Although, by default, streaming tables require append-only data sources, when a streaming source is another streaming table that requires updates or deletes, you can override this behavior with the skipChangeCommits flag

A common streaming pattern involves ingesting source data to create the initial datasets in a pipeline. These initial datasets are commonly called bronze tables and often perform simple transformations.

By contrast, the final tables in a pipeline, commonly called gold tables, often require complicated aggregations or reading from targets of an AUTO CDC ... INTO operation. Because these operations inherently create updates rather than appends, they are not supported as inputs to streaming tables. These transformations are better suited for materialized views.

By mixing streaming tables and materialized views into a single pipeline, you can simplify your pipeline, avoid costly re-ingestion or re-processing of raw data, and have the full power of SQL to compute complex aggregations over an efficiently encoded and filtered dataset. The following example illustrates this type of mixed processing:

note

These examples use Auto Loader to load files from cloud storage. To load files with Auto Loader in a Unity Catalog enabled pipeline, you must use external locations. To learn more about using Unity Catalog with pipelines, see Use Unity Catalog with pipelines.

Python
SQL

Python
@dp.table
def streaming_bronze():
  return (
    # Since this is a streaming source, this table is incremental.
    spark.readStream.format("cloudFiles")
      .option("cloudFiles.format", "json")
      .load("s3://path/to/raw/data")
  )

@dp.table
def streaming_silver():
  # Since we read the bronze table as a stream, this silver table is also
  # updated incrementally.
  return spark.readStream.table("streaming_bronze").where(...)

@dp.materialized_view
def live_gold():
  # This table will be recomputed completely by reading the whole silver table
  # when it is updated.
  return spark.read.table("streaming_silver").groupBy("user_id").count()

SQL
CREATE OR REFRESH STREAMING TABLE streaming_bronze
AS SELECT * FROM STREAM read_files(
  "s3://path/to/raw/data",
  format => "json"
)

CREATE OR REFRESH STREAMING TABLE streaming_silver
AS SELECT * FROM STREAM(streaming_bronze) WHERE...

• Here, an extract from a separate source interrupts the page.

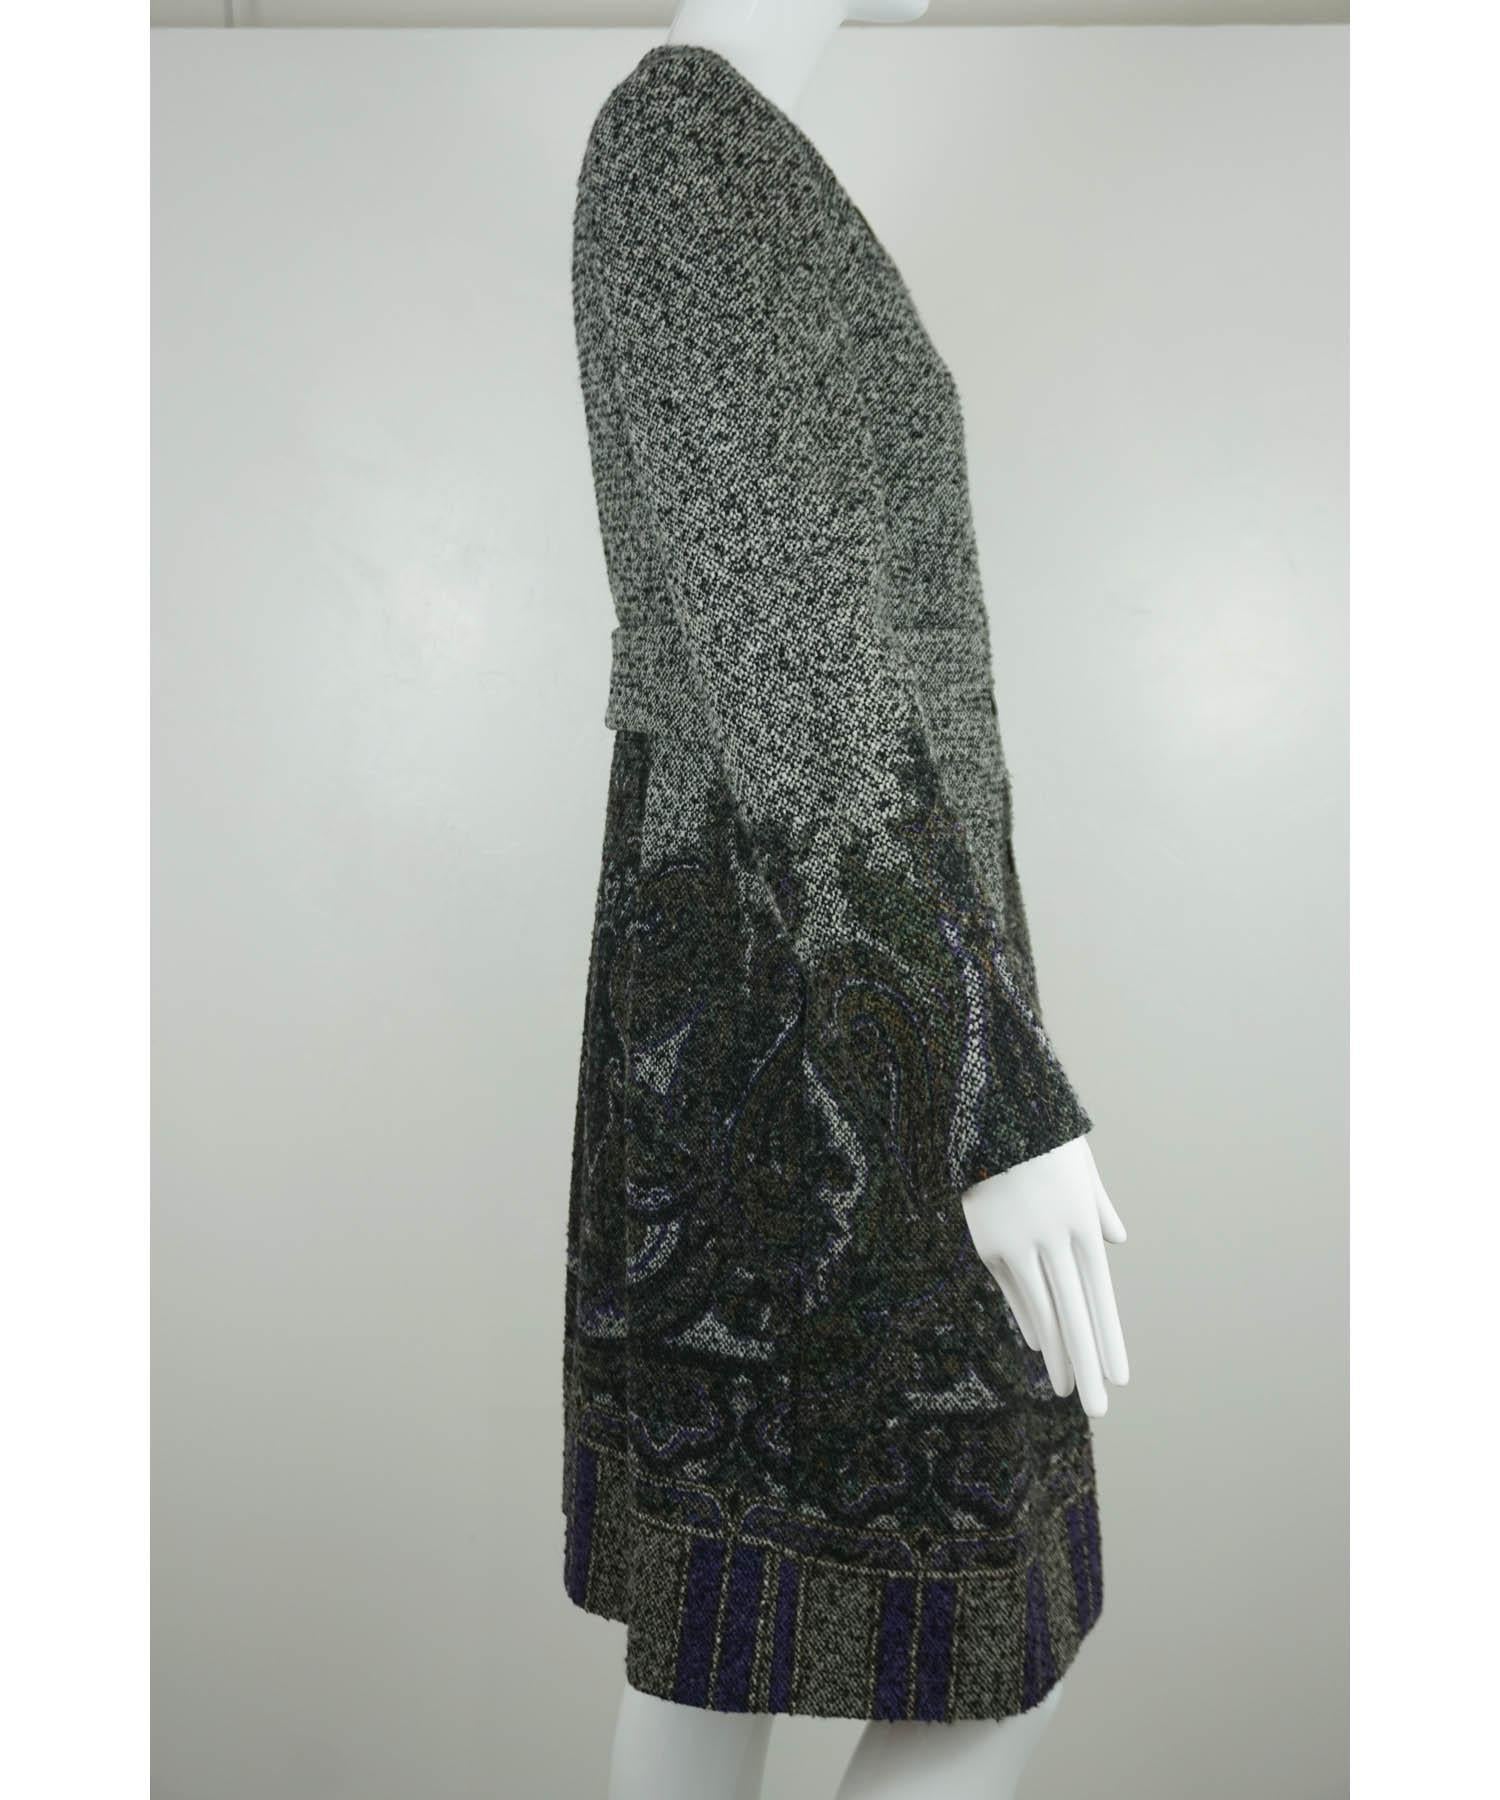 Etro Tweed Paisley Patterned Coat Sz 42 In Excellent Condition For Sale In Carmel, CA

CREATE OR REFRESH MATERIALIZED VIEW mv_gold
AS SELECT count(*) FROM streaming_silver GROUP BY user_id

Learn more about using Auto Loader to incrementally ingest JSON files from S3.

Stream-static joins

Stream-static joins are a good choice when denormalizing a continuous stream of append-only data with a primarily static dimension table.

With each pipeline update, new records from the stream are joined with the most current snapshot of the static table. If records are added or updated in the static table after corresponding data from the streaming table has been processed, the resultant records are not recalculated unless a full refresh is performed.

In pipelines configured for triggered execution, the static table returns results as of the time the update started. In pipelines configured for continuous execution, the most recent version of the static table is queried each time the table processes an update.

The following is an example of a stream-static join:

Python
SQL

Python
@dp.table
def customer_sales():
  return spark.readStream.table("sales").join(spark.read.table("customers"), ["customer_id"], "left")

SQL
CREATE OR REFRESH STREAMING TABLE customer_sales
AS SELECT * FROM STREAM(sales)
  INNER JOIN LEFT customers USING (customer_id)

Calculate aggregates efficiently

You can use streaming tables to incrementally calculate simple distributive aggregates like count, min, max, or sum, and algebraic aggregates like average or standard deviation. Databricks recommends incremental aggregation for queries with a limited number of groups, such as a query with a GROUP BY country clause. Only new input data is read with each update.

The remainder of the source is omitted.